‘Why,’ said Mab, ‘you would have gone! You would not have minded if it had been in Paris, or at the end of the world.’
‘I do a great many foolish things,’ said Lady William, with a smile, ‘that wise people don’t do; besides they hadn’t approved much, as was natural. Substantially kind is what you may call them, practically kind your uncles were that, and have been——’
‘And yet I am seventeen and I have never seen them.’
‘If you had been a boy,’ said Lady William, ‘they would have felt their duty more; a girl is supposed to be best with her mother. You must not be surprised at that, my dear child. Your uncle Pakenham has always supplied all your wants.’
‘You never showed me any of his letters——’
‘His letters! oh, he is not a man who writes letters. His lawyer does all that; but substantially, he has been very kind.’
‘Mother,’ said Mab, ‘instead of wishing to know these people, to visit them, and all that, I’ll tell you what I should like to do. I should like to be able to work for you, and throw their money in their face—which is what you mean, I suppose, when you say they are substantially kind.’

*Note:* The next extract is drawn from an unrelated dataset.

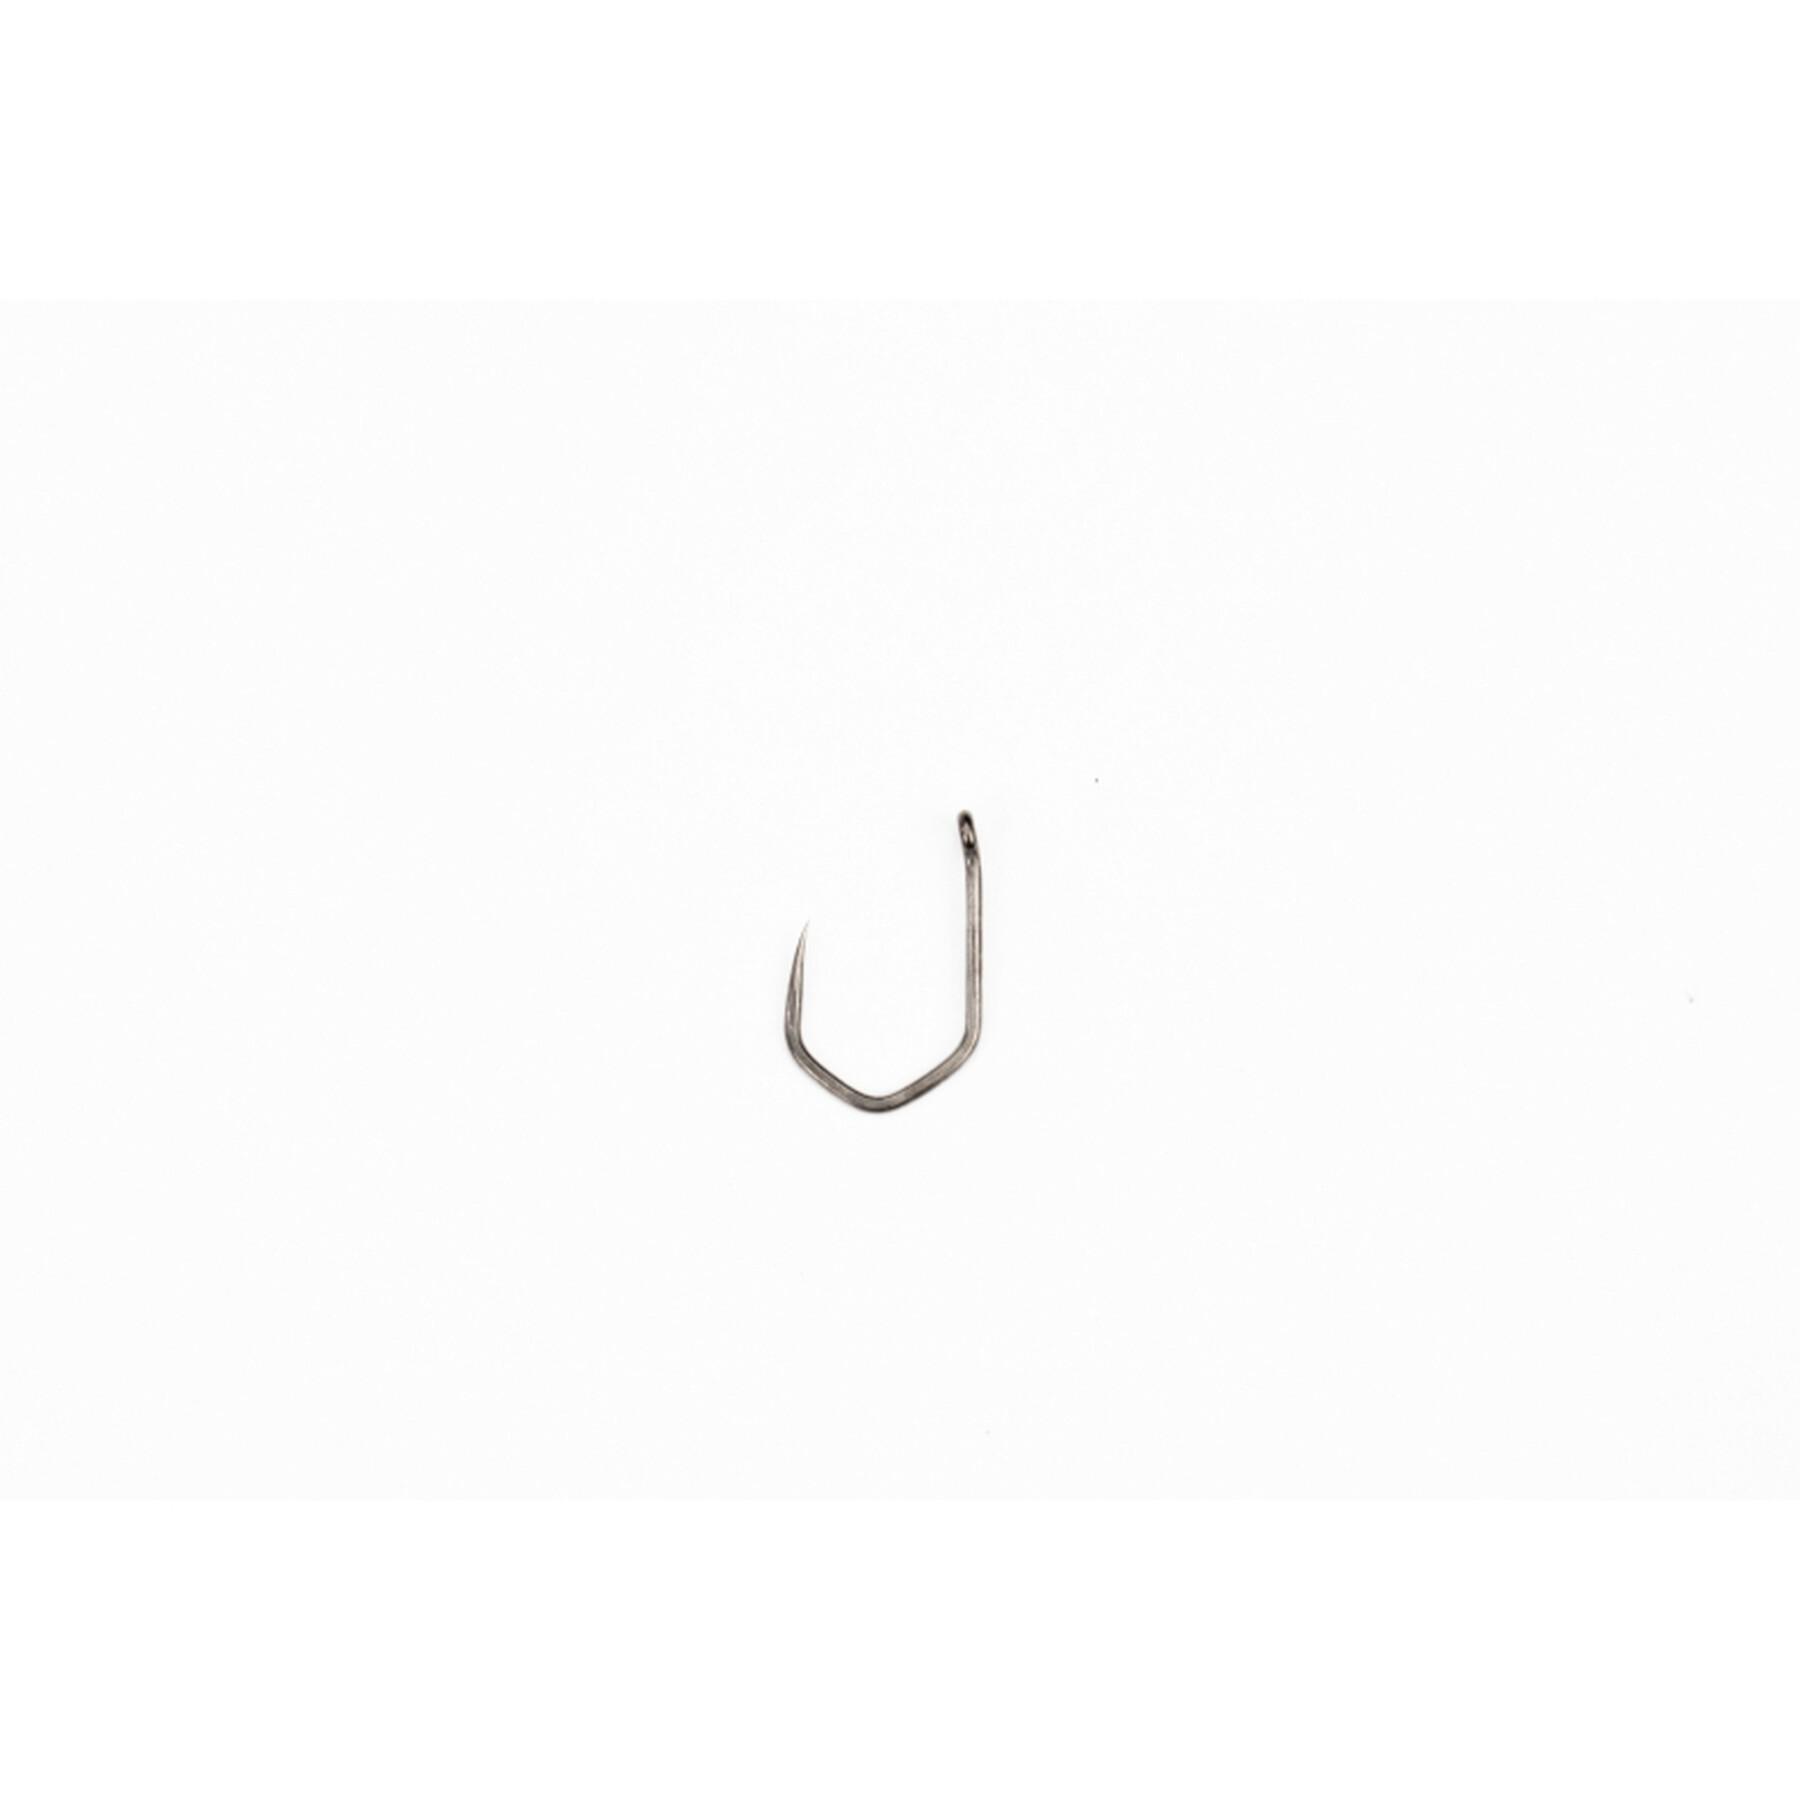 Hook Pinpoint Claw size 4 without swivel

‘That would be very foolish, Mab; the money is your right, and for that matter mine too.’
‘It may be right, but I should like to fling it in their faces all the same. Had my father nothing to leave us, to give us to live on, that you should have to accept it from them?’
Lady William made no answer for some time. Then she said in a low tone: ‘Your father had many things to do. I cannot enter into such questions, Mab; you are not old enough. No; we were destitute but for them.’